▶ _GOAL OF THE EXERCISE_
Could the listing be repeated exactly, with every picture dropped?

▶ _AVAILABLE DATA_

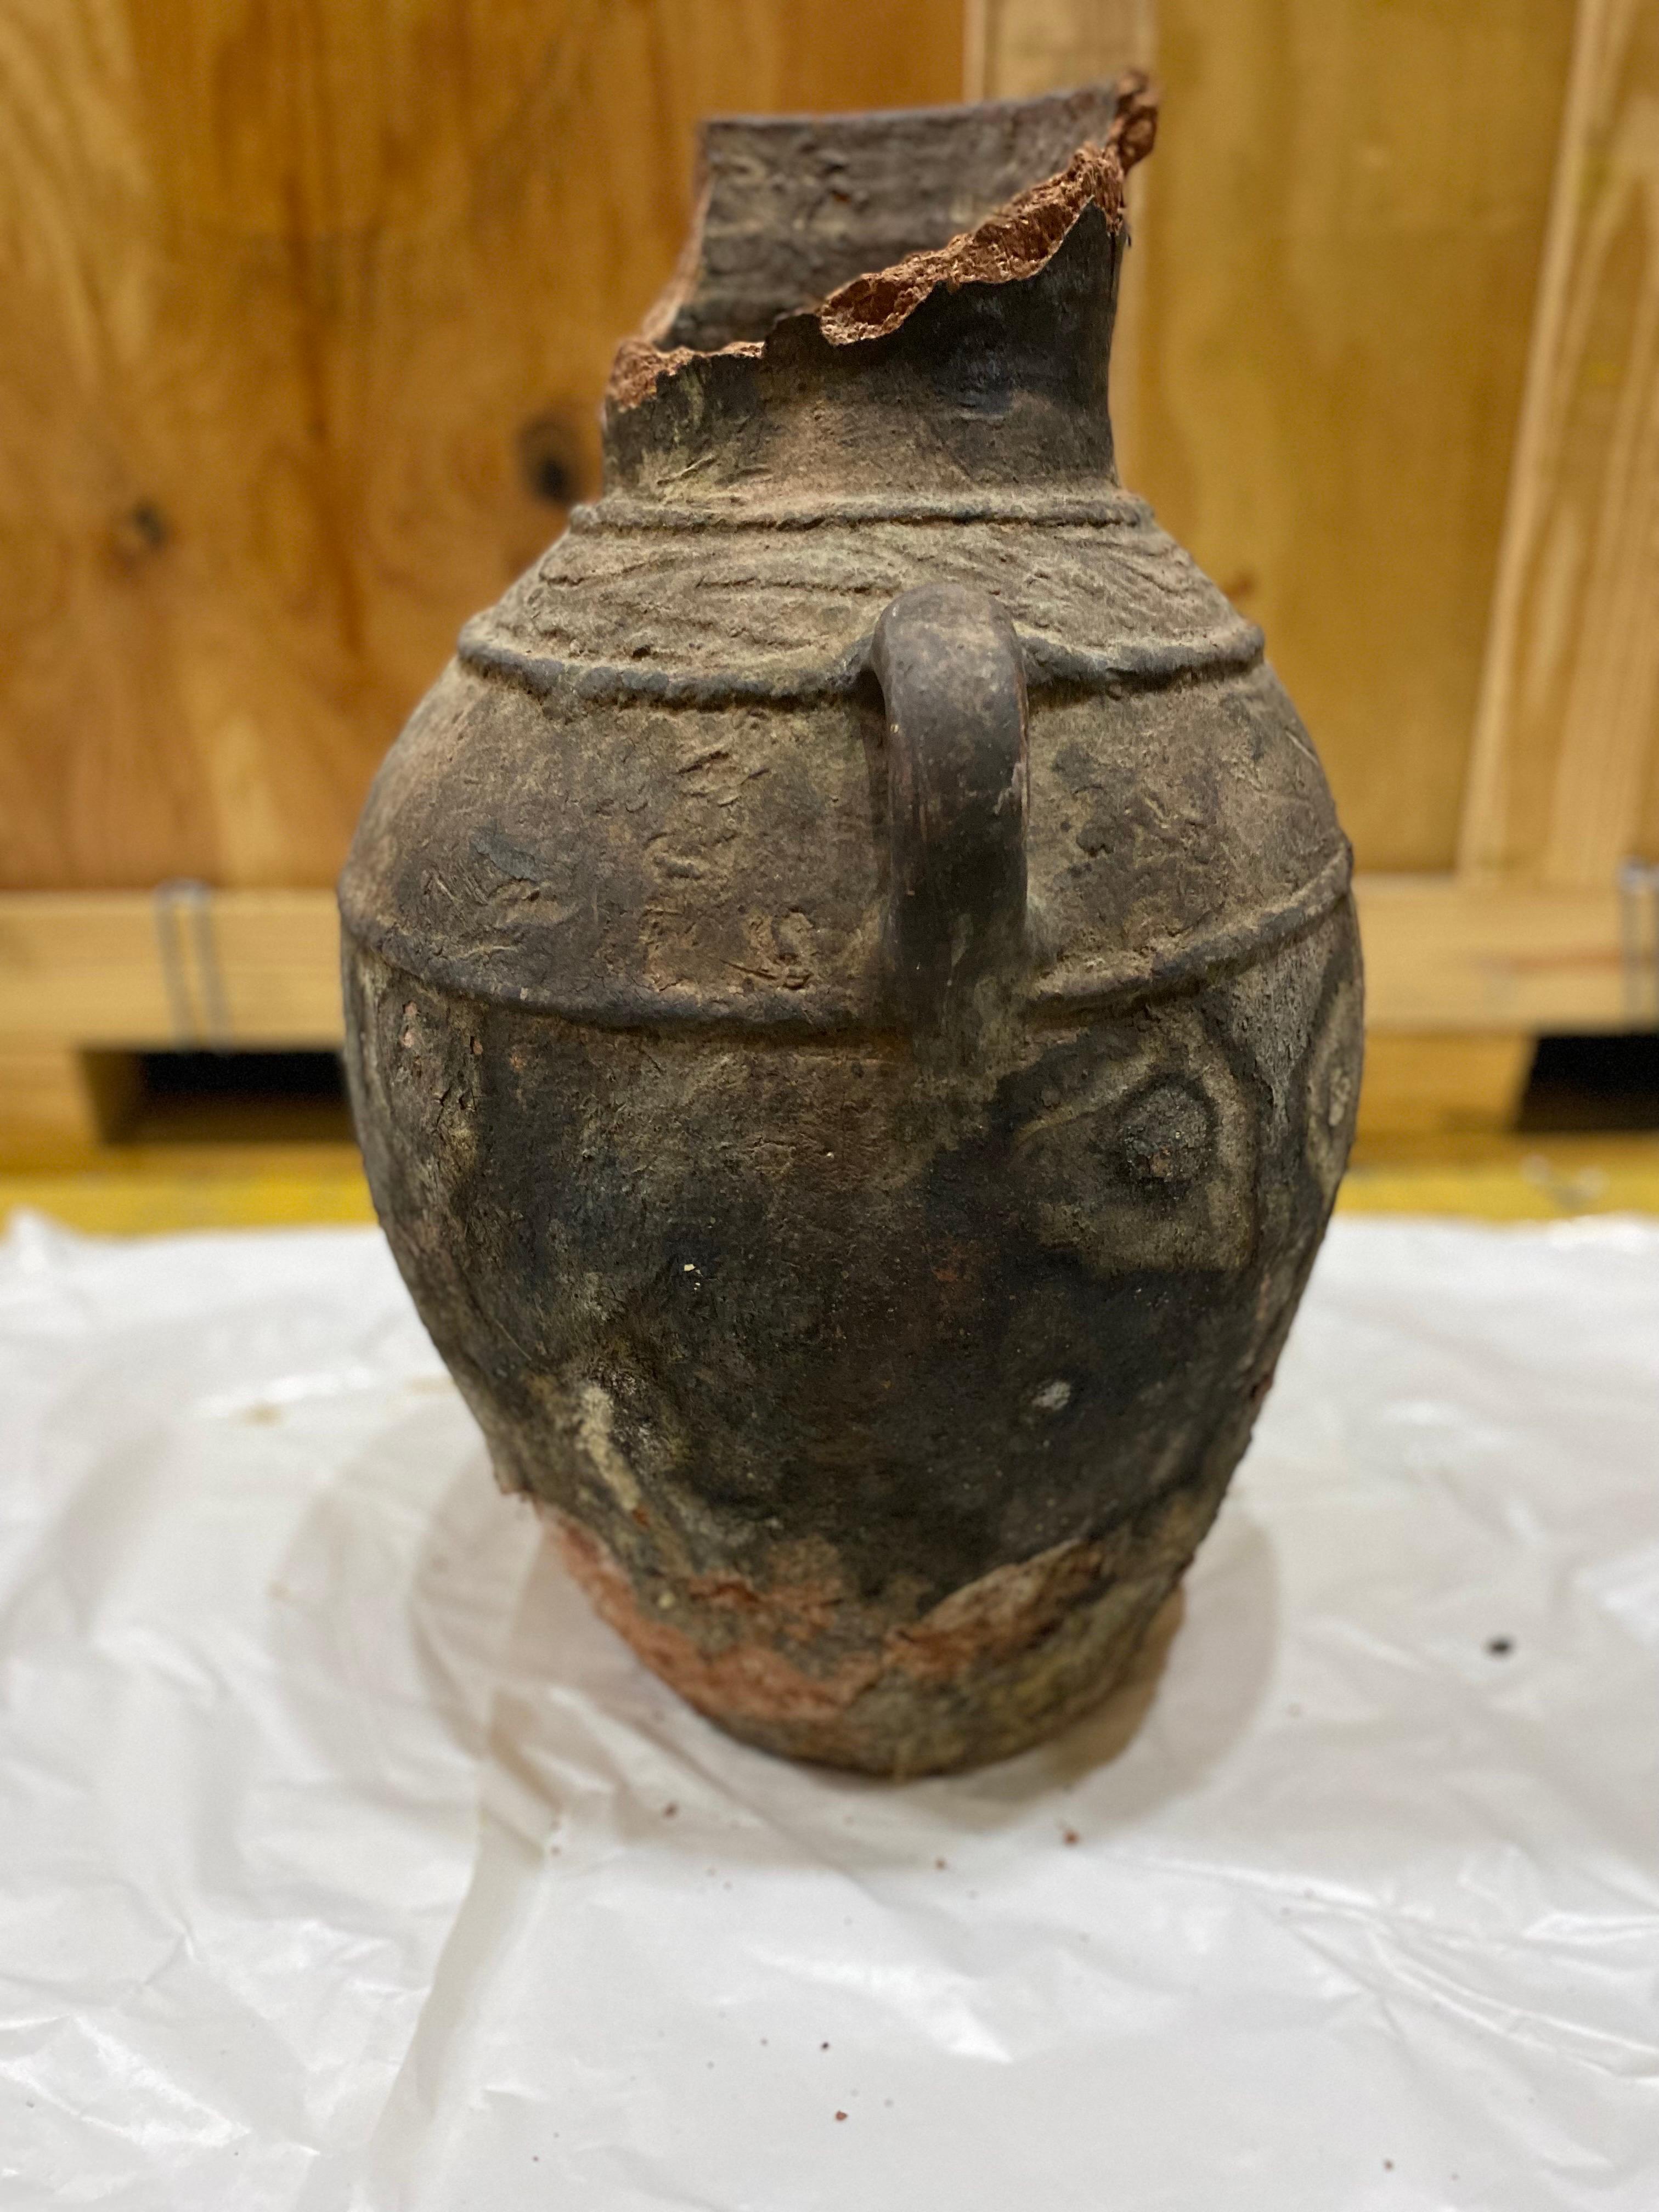 Fragment de grand pot en terre cuite égyptien précoce avec des bras
Une pièce ancienne, peut-être antérieure au XIXe siècle.  Acheté en France car originaire d'Egypte. La moitié supérieure est manquante. Beaucoup d'usure et de perte mais une pièce
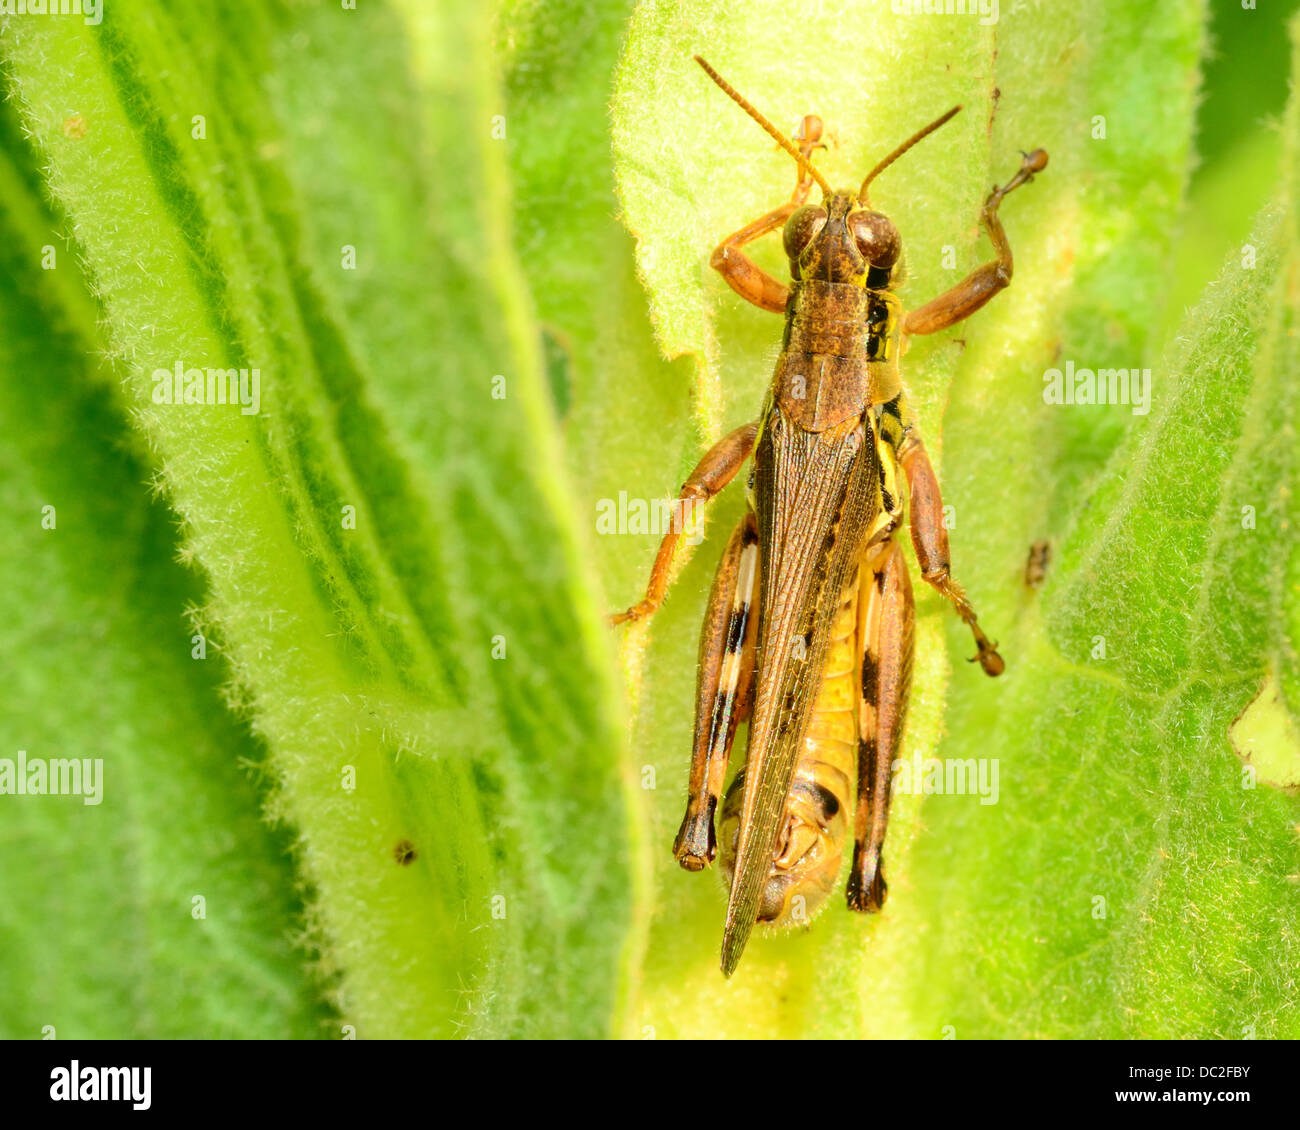 Grasshopper perché sur une tige de la plante verte. Banque D'Images
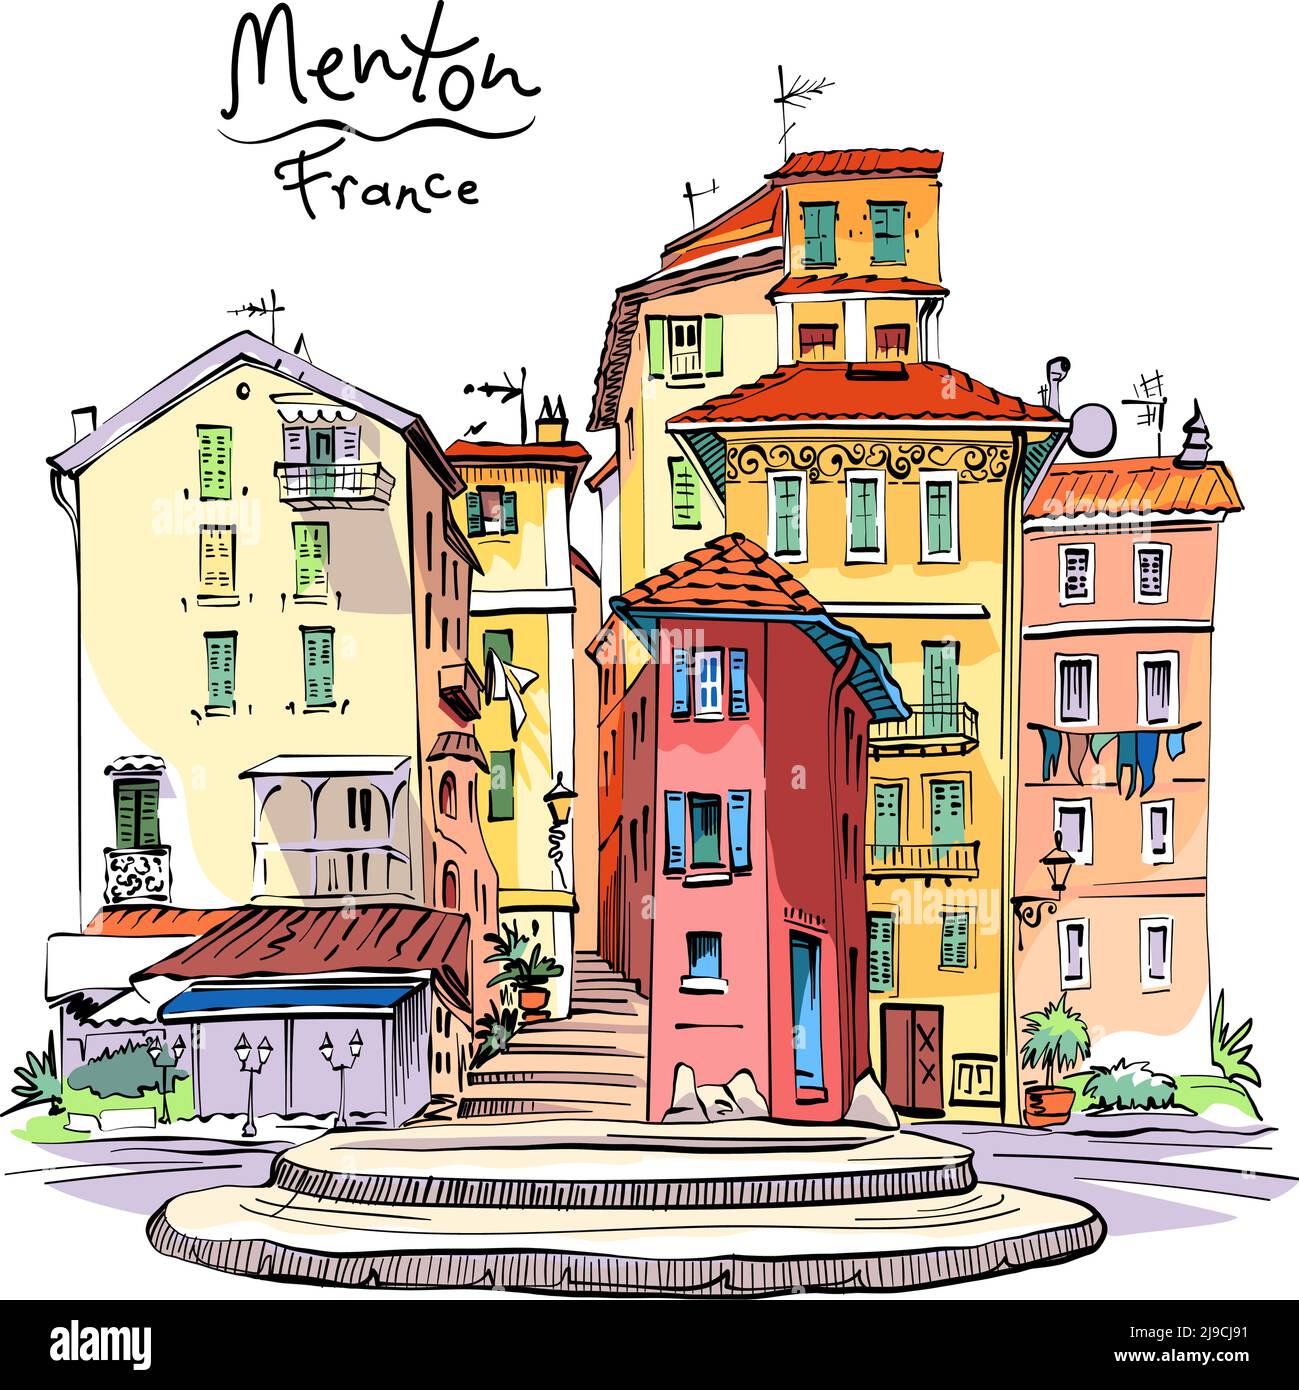 Vektor-Handzeichnung. Typische bunte provenzalische Häuser in Menton, Provence, Frankreich Stock Vektor

▶ _WRITTEN SOLUTION_
 Fragment de grand pot en terre cuite égyptien précoce avec des bras
Une pièce ancienne, peut-être antérieure au XIXe siècle.  Acheté en France car originaire d'Egypte. La moitié supérieure est manquante. Beaucoup d'usure et de perte mais une pièce
 Grasshopper perché sur une tige de la plante verte. Banque D'Images
 Vektor-Handzeichnung. Typische bunte provenzalische Häuser in Menton, Provence, Frankreich Stock Vektor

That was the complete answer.